### [The task]
Please restate word for word the lines of the entries below from the one with "Cotton Vegetable Dyed" to the one with "These special flat-weave", inclusive, and leave out every picture.

### [Supplied records]

━━━━━━━━━━━━━━━━

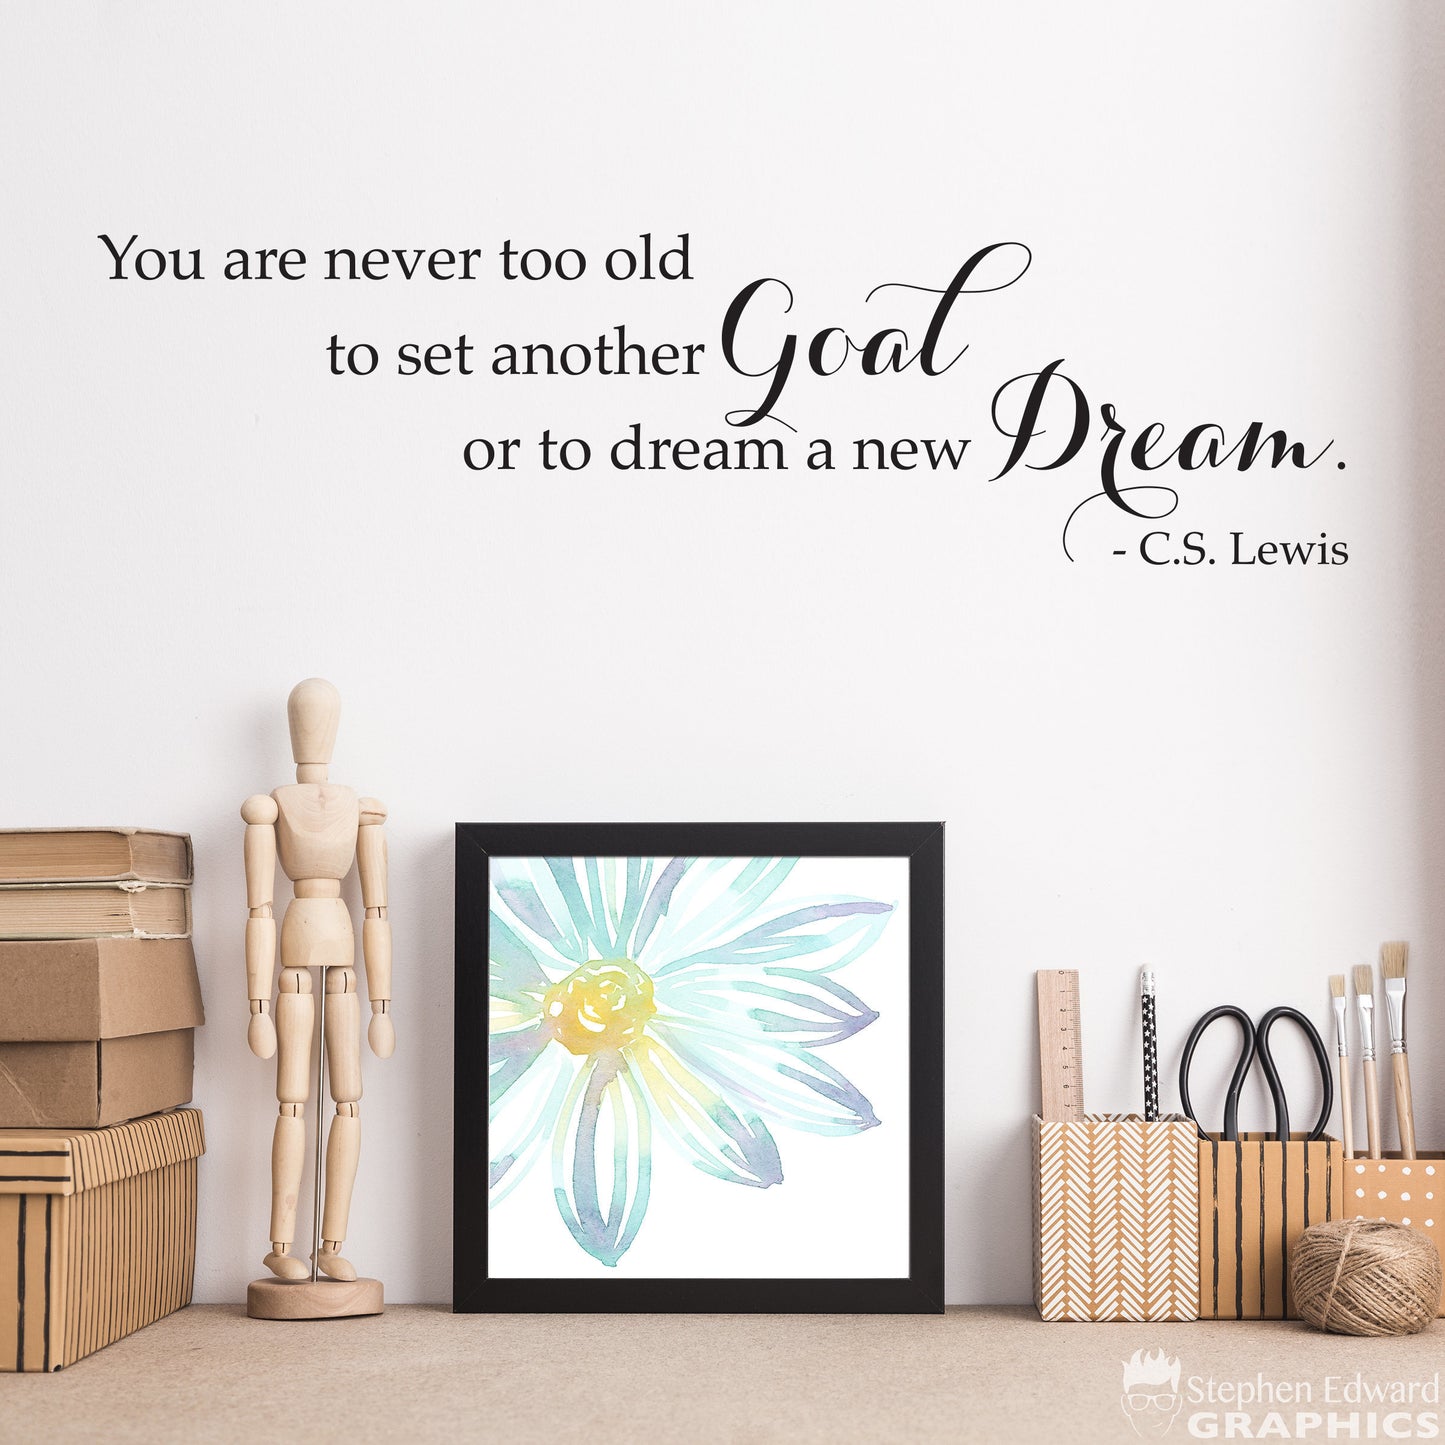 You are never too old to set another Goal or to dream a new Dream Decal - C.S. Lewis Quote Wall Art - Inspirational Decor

━━━━━━━━━━━━━━━━

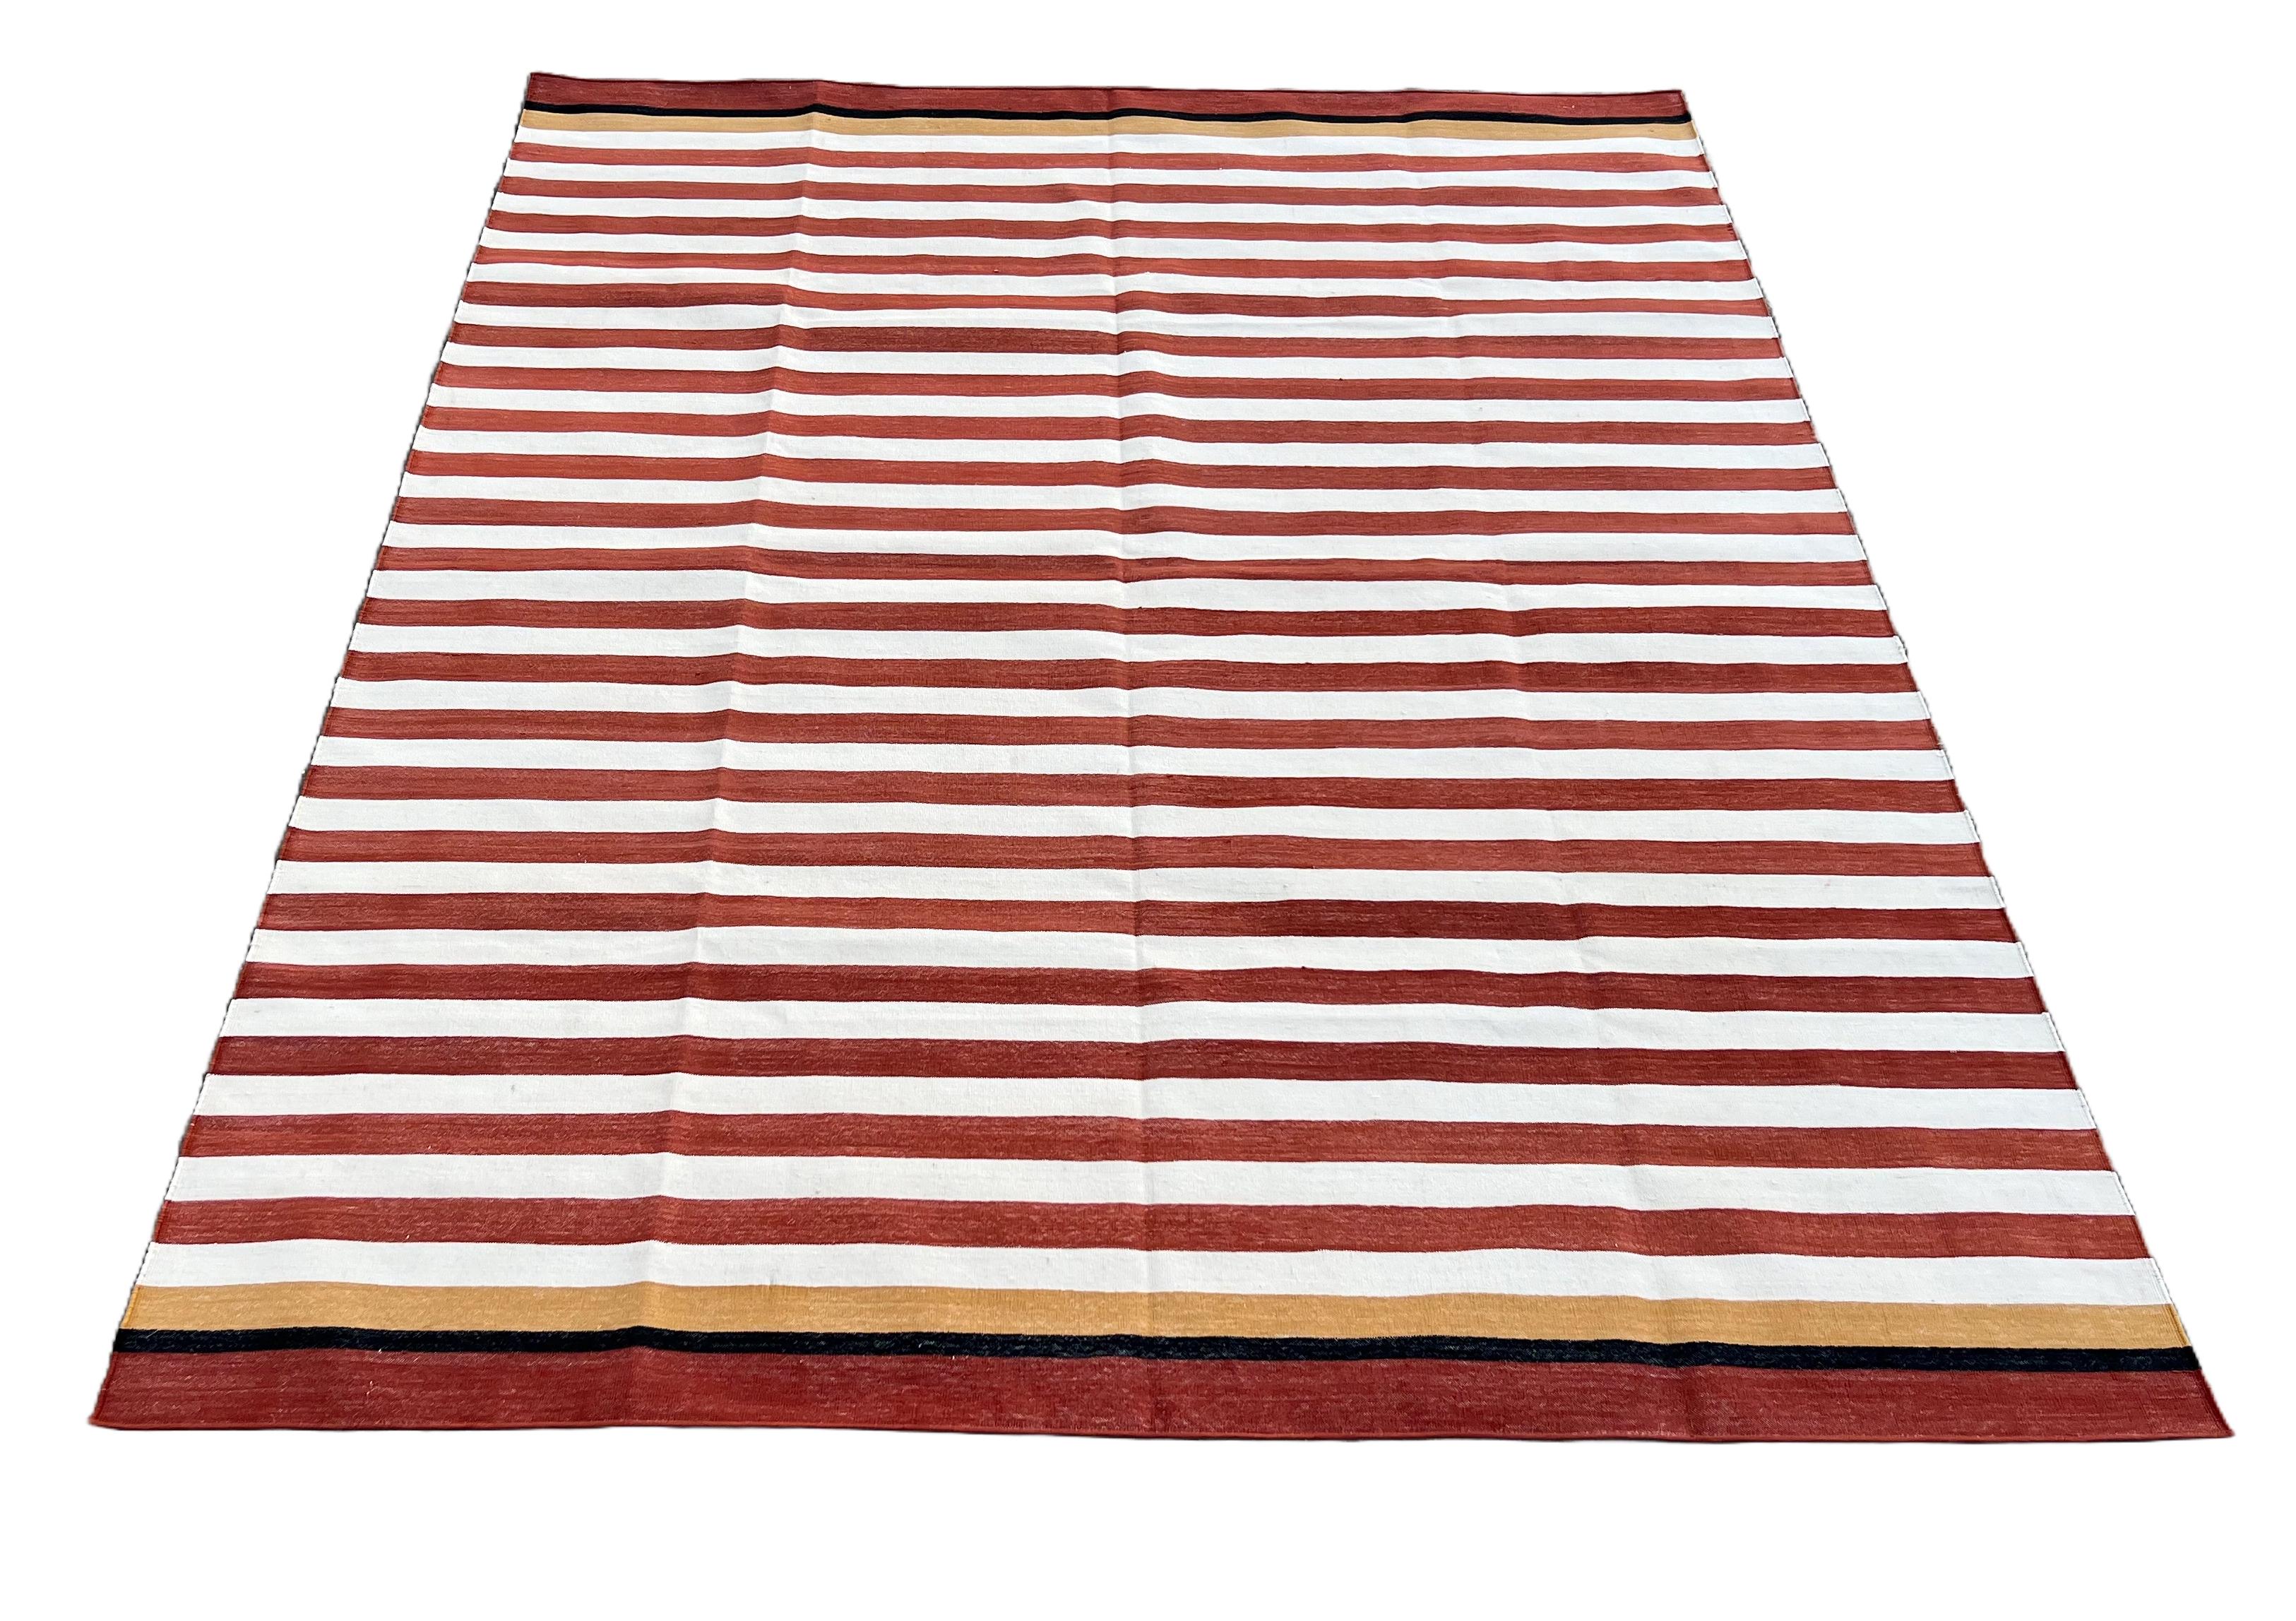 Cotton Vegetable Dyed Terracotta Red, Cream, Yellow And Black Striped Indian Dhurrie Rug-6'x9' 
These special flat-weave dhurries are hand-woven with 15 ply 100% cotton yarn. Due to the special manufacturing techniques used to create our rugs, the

━━━━━━━━━━━━━━━━

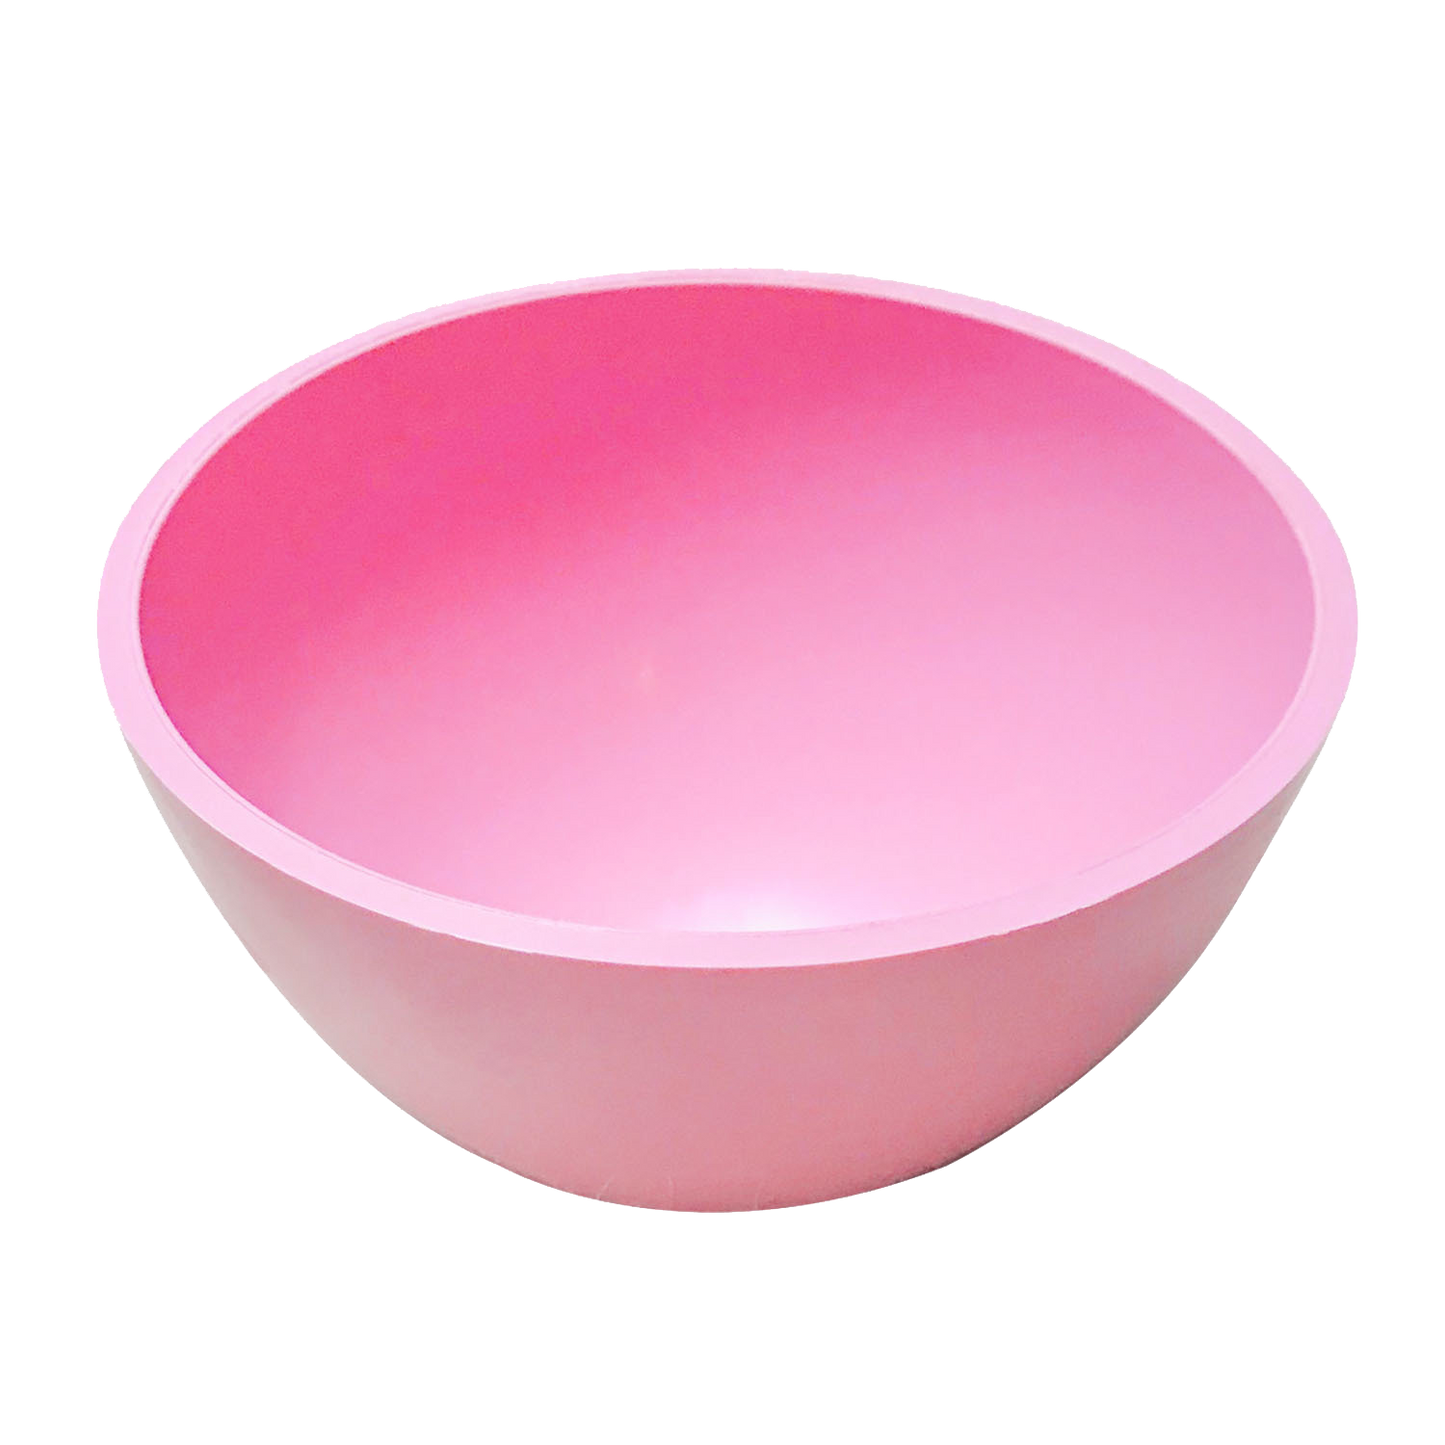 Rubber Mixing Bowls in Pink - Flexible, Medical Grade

━━━━━━━━━━━━━━━━

### [Exercise response]
 Cotton Vegetable Dyed Terracotta Red, Cream, Yellow And Black Striped Indian Dhurrie Rug-6'x9' 
These special flat-weave dhurries are hand-woven with 15 ply 100% cotton yarn. Due to the special manufacturing techniques used to create our rugs, the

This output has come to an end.